今日ばかりは塩分量とかそういうの関係無し。食いたいものを食いたいだけ食う。
「なにを食べようかしら!」
とにかく肉が食いたかったです。
トンカツ屋に入りました。
そこで、ランチスペシャルみたいなのを頼んで、確かご飯を3杯おかわりした。
至福でした。
これ。
食べられるということ。美味しいものを美味しく食べられる。
これ以上の幸せってないんだよほんと。
満足いくまで食う、という感覚を実に4ヶ月ぶりぐらいに味わった。

ふたりで電車に乗った時、「あ、オレはこれからシルバーシートに座っていい人なんだ」と思った。
周りはなにも変わっていなくても、オレとの関係性は少しだけど変わった。
有り難いことにそれは基本的にオレに有利に働くものなので、楽しんでいこうと思う。
ちなみにシルバーシートに座るのはまだ慣れません。
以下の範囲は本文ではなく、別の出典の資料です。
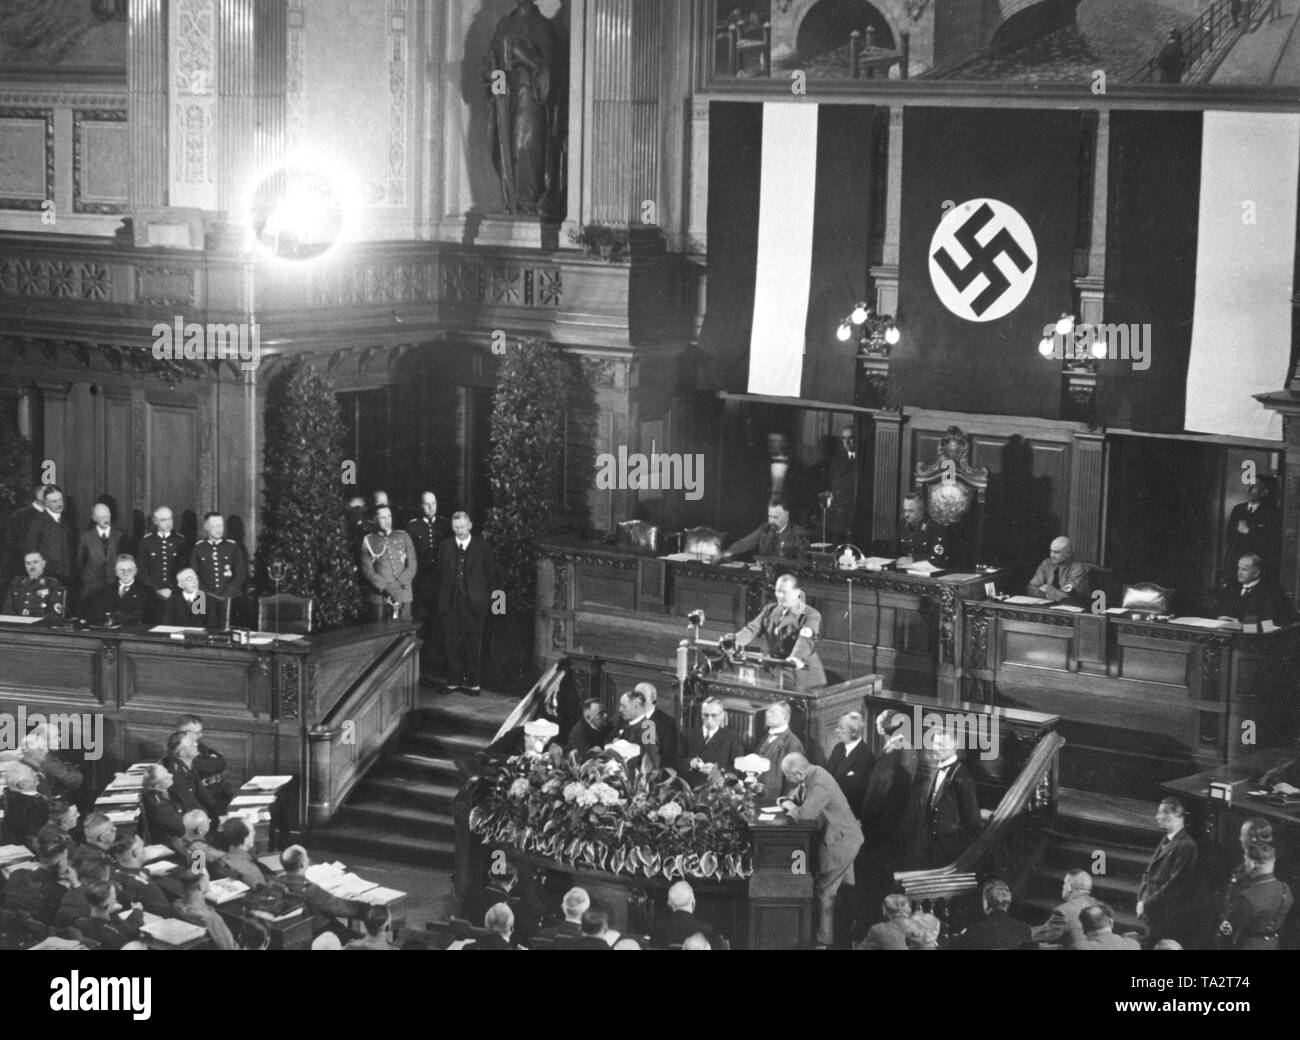 Nella sua ultima riunione del 18 maggio 1933, il Landtag Prussiano, decorato con fiori swastika e nero-e-bianco-bandiere rosse, con l'abilitazione atto votato de facto la sua dissoluzione. La foto mostra il discorso del Ministro prussiano presidente Hermann Goering, dietro di lui sulla poltrona presidenziale il Presidente del Landtag prussiano e il Ministro della giustizia Hanns Kerrl (NSDAP). Seduta a sinistra nella foto sul banco di governo da sinistra a destra: Istruzione e cultura il ministro Dr. Bernhard ruggine (NSDAP, con fascia da braccio con la svastica), il dottor Johannes Popitz (indipendente) e del lavoro e il ministro dell'economia, il dott. Foto Stock

まあ見た目は健常者だもんで。

体を壊す前と変わらないデートをして、夜に別れる。
駅前を歩いていたら、目の前の信号が変わりかけたから走って渡った。
その時、気付いた。


「オレ、今、走れた」


入院する前は、階段を歩くことさえ辛かった。息が続かなかった。
でも今は、走れる。
走っても息も切れてない。
走ったのってどれくらいぶりだろうか。

「オレは帰ってきたんだな」
そう思った。

帰ってきたとは言え、完全に今までどおりじゃない。
明日も、これからずっと、透析を受けなくてはいけない。
シャントはまだ安定していない。穿刺も毎回痛い。
でもまあ、なんとかなるでしょ。



ここまでで一応、入院~退院までの透析ちゃんは終わりです。
退院~現在までの透析ちゃんも書こうとは思ってるのですが、
まあそのうちということにします。